An internal implementation of the Jakarta Security 4.0 HttpAuthenticationMechanismHandler interface (the "internal HAM handler") is provided. When an application defines multiple HAMs, this internal handler selects a single HAM to be used in the authentication flow.

The order in which HAMs are considered (when present) is as follows:

  1. Custom (developer‑provided) HAMs

    • If multiple custom HAMs are defined, their relative order is resolved by using @Priority.

  2. OpenIdAuthenticationMechanismDefinition

  3. CustomFormAuthenticationMechanismDefinition

  4. FormAuthenticationMechanismDefinition

  5. BasicAuthenticationMechanismDefinition

Given this ordering, the Custom HAM is always selected in the authentication workflow if all five HAM types are defined in the application.

A developer must provide a custom implementation of the HttpAuthenticationMechanismHandler interface (a "custom HAM handler") if the internal HAM handler does not meet their requirements. A custom handler always takes precedence over the internal HAM handler, allowing any tailored algorithm to select a single HAM from multiple available mechanisms. Additional information about creating and using a custom HAM handler is provided in a later section.
Qualifiers

HAMs - whether defined through annotations or as custom defined - can also include an optional class‑level qualifier to simplify HAM injection into a custom HAM handler. For example, if you want to define qualified HAMs, you would first declare qualifier interfaces such as:

@Qualifier
@Retention(RUNTIME)
@Target({TYPE, METHOD, FIELD, PARAMETER})
public @interface Admin {
}

(Not shown is the qualifier definitions for User, Fallback which follow an identical pattern, and are used below).
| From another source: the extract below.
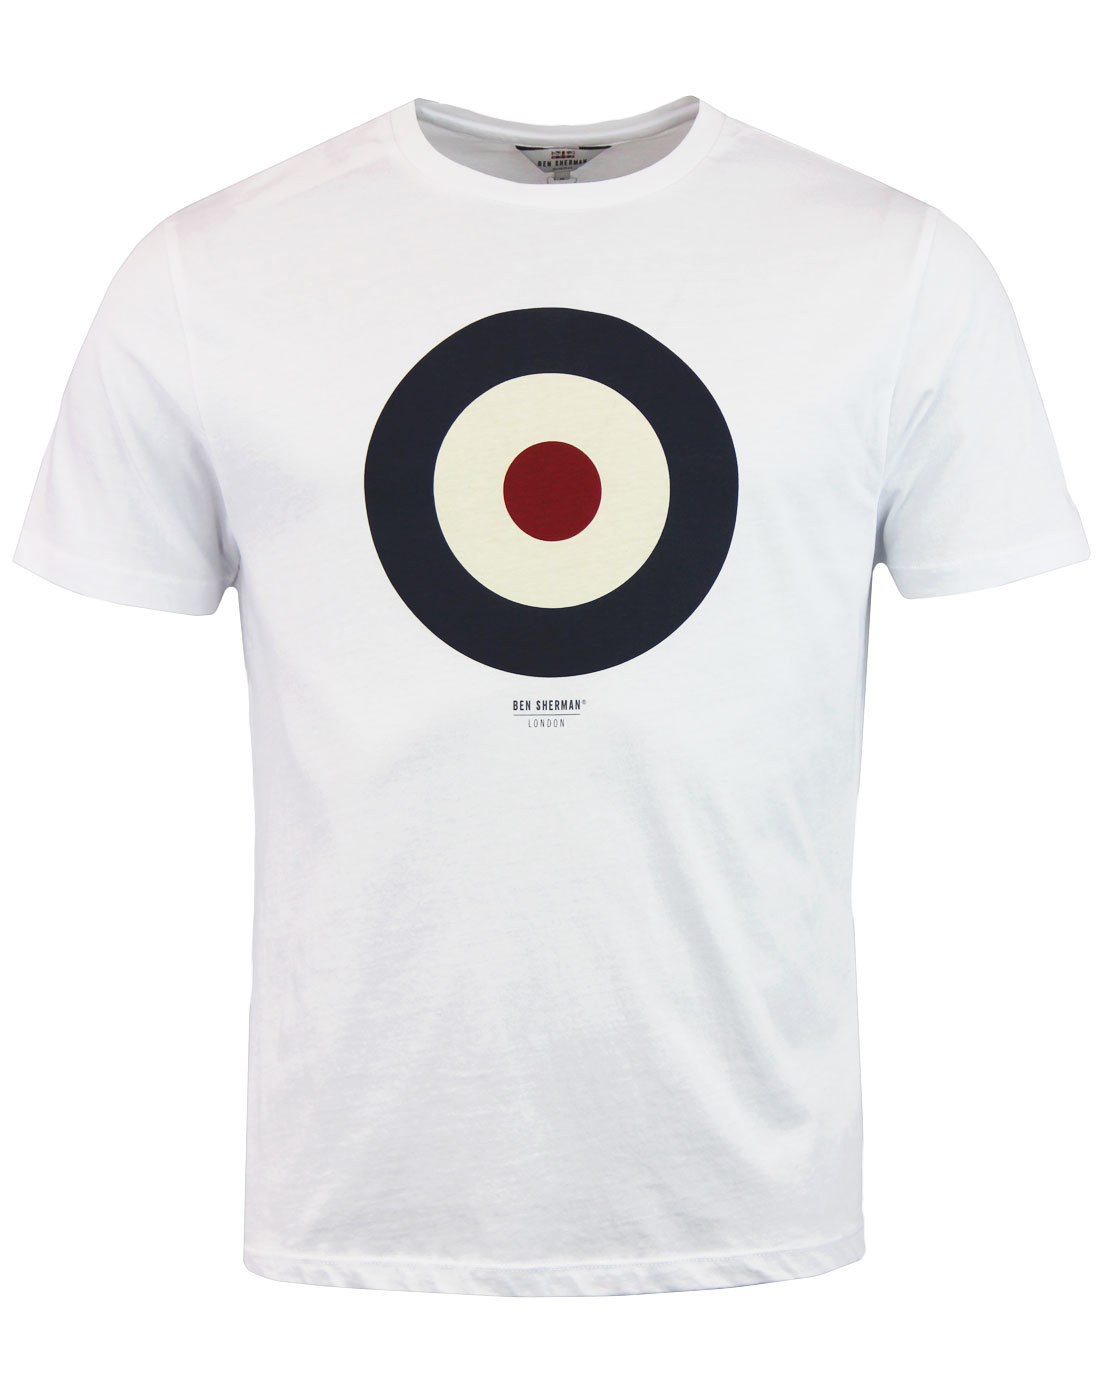 Perceptible gritar gritar  BEN SHERMAN Keith Moon Retro 1960s Mod Target T-Shirt in White

Then, import and use the qualifiers in your in-built or custom HAM specifications, such as:

@CustomFormAuthenticationMechanismDefinition(<existing details not shown>, qualifiers={Admin.class})

@BasicAuthenticationMechanismDefinition(<existing details not shown>, qualifiers={User.class})

and

@ApplicationScoped
@Fallback   // add custom qualifier to be used during injection
public class CustomHAM implements HttpAuthenticationMechanism {

    @Override
    public AuthenticationStatus validateRequest (. . .)  {
         . . .
    }
}

The three HAMs defined in the example are available for injection into a custom HAM handler based on their qualifier names. This scenario represents the typical use case for applications that define multiple HAMs.

If qualifiers are specified in any of the built-in HAM definitions, a custom HAM handler must be provided; otherwise, an error is raised. This requirement comes directly from the Jakarta Security specification. Details about creating and using a custom HAM handler are explained in the next section.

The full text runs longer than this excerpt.